Common Misconceptions

"Prefix caching works with approximate matches." It requires exact token-level matching from position 0. Even inserting a timestamp or request ID at the beginning of the prompt will break the prefix match entirely. Prompt design must place variable content at the end.
"Prefix caching helps with output generation speed." It accelerates only the prefill phase (processing input tokens). The decode phase (generating output tokens one at a time) is unaffected because each new output token's KV vectors are unique to the sequence.
"You need to explicitly manage the cache." In many systems (vLLM, SGLang, OpenAI's API), prefix caching is automatic and transparent. The system detects shared prefixes without user intervention. Anthropic's API is an exception, offering explicit cache control for finer-grained management.
"Prefix caching is only useful for system prompts." Any shared prefix benefits -- few-shot examples, RAG documents, conversation history, shared preambles in batch processing. The technique is general to any repeated prefix pattern.

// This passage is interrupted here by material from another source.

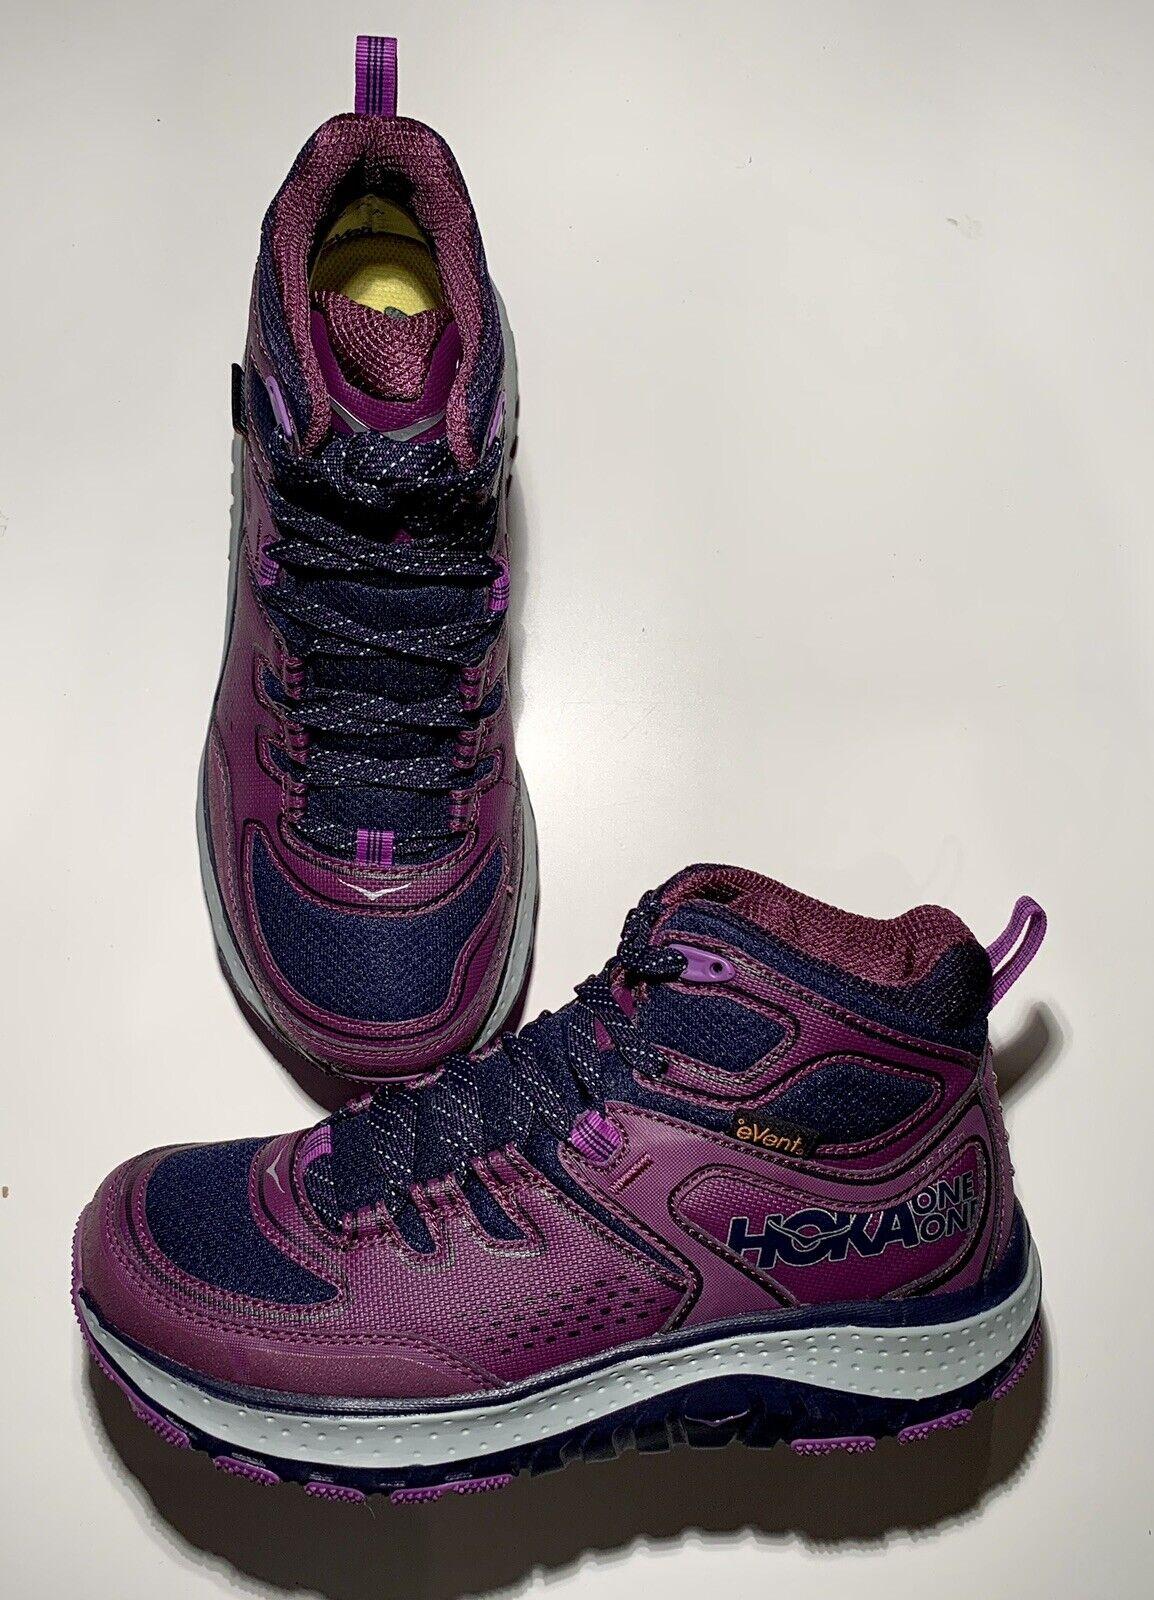 Hoka One One Tor Tech Mid WP Chaquetón Plum Senderismo Zapatos Para mujeres EE. UU. 7 Nuevo Sin Caja B3

Connections to Other Concepts

kv-cache.md: Prefix caching is fundamentally about reusing the KV cache. Understanding what the KV cache stores (key and value projections at every layer for every token) and how it grows is essential context.
paged-attention.md: Block-level memory management enables efficient prefix sharing through shared block references and copy-on-write semantics. Without PagedAttention, prefix caching would require large contiguous memory reservations.
flash-attention.md: Flash Attention computes attention efficiently during the prefill phase. Prefix caching eliminates the need for that computation entirely for cached tokens -- a complementary optimization.
continuous-batching.md: New requests admitted via continuous batching benefit immediately from prefix cache hits, making their prefill phase nearly instantaneous and allowing faster batch admission.
throughput-vs-latency.md: Prefix caching primarily reduces latency (TTFT) and cost for individual requests. At the system level, reduced prefill compute frees GPU cycles for more decode throughput.